I've been trying to write Javascript and then make it functional. I think I
need to start writing functionally and just fit that into the Javascript. From
what you've written, that looks pretty doable.

------
plessthanpt05
Nice point, and really, how many folks actually find writing code in Python
cumbersome or "work" like some languages? It's not perfect and of course if
you need really fast computing, it's obviously not (even close to) the best
for speed, but it's expressiveness & readability are a pretty big step up from
most other languages.

Also, I hadn't seen this essay by PG before (from the comments); a bit old,
but interesting take:

<http://www.paulgraham.com/pypar.html>

------
broseph
Just for the record: I used Python at work because I had to; I'd rather have
been writing Java.

The titanic investment bank that I used to work for started a major rewrite of
its entire set of booking and risk systems in which everything was to be
written in Python.
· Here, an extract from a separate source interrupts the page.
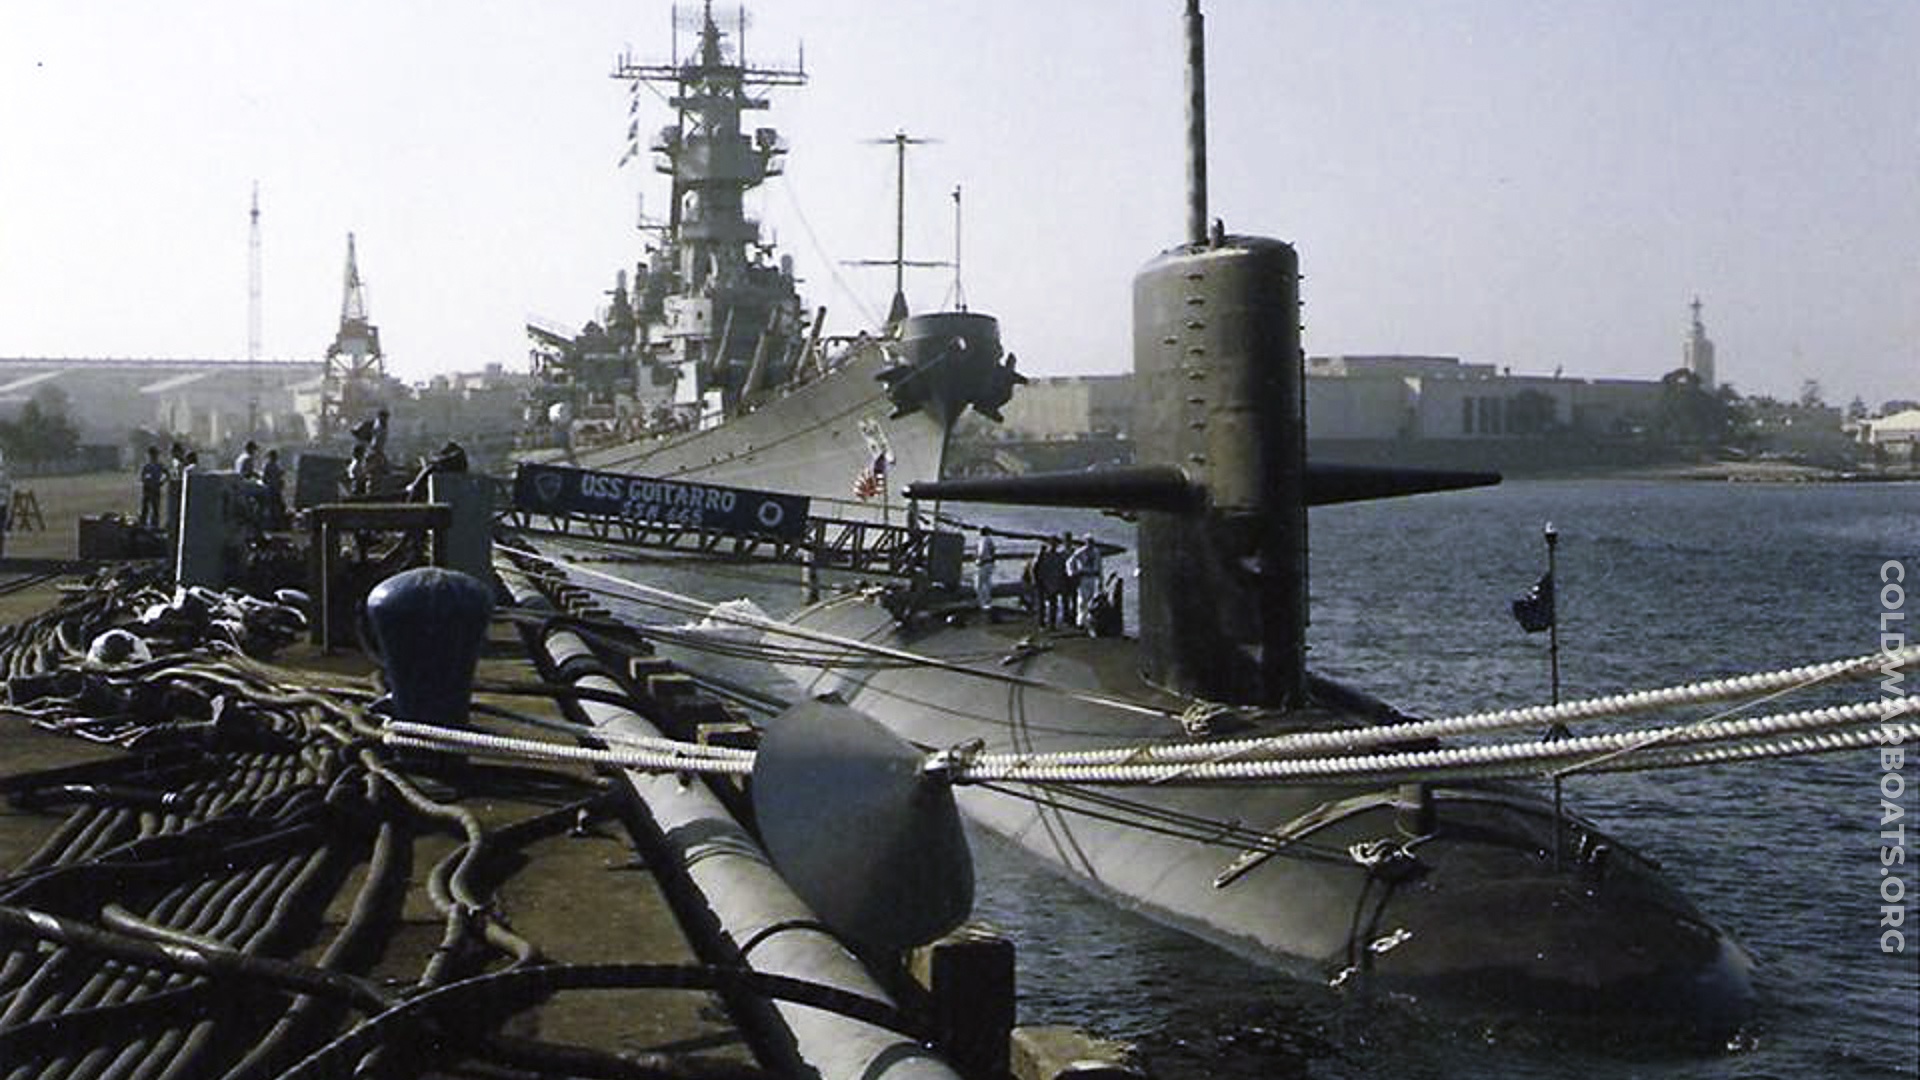 The USS GUITARRO (SSN 665) pierside at North Island, San Diego, CA, with the USS MISSOURI (BB 63).

It immediately assigned hundreds of programmers to the
task, shepherded by a "core team" eager to use every feature of the language.
The result was a perfect example of the problems with Python in the large.
Enormous type hierarchies mingled with copious use of eval; there was no
structure at all to much of the code.

It's possible to write terrible code in any language, of course, but using
Java would have been one way to curb some of the worst impulses of the low-
quality programmers.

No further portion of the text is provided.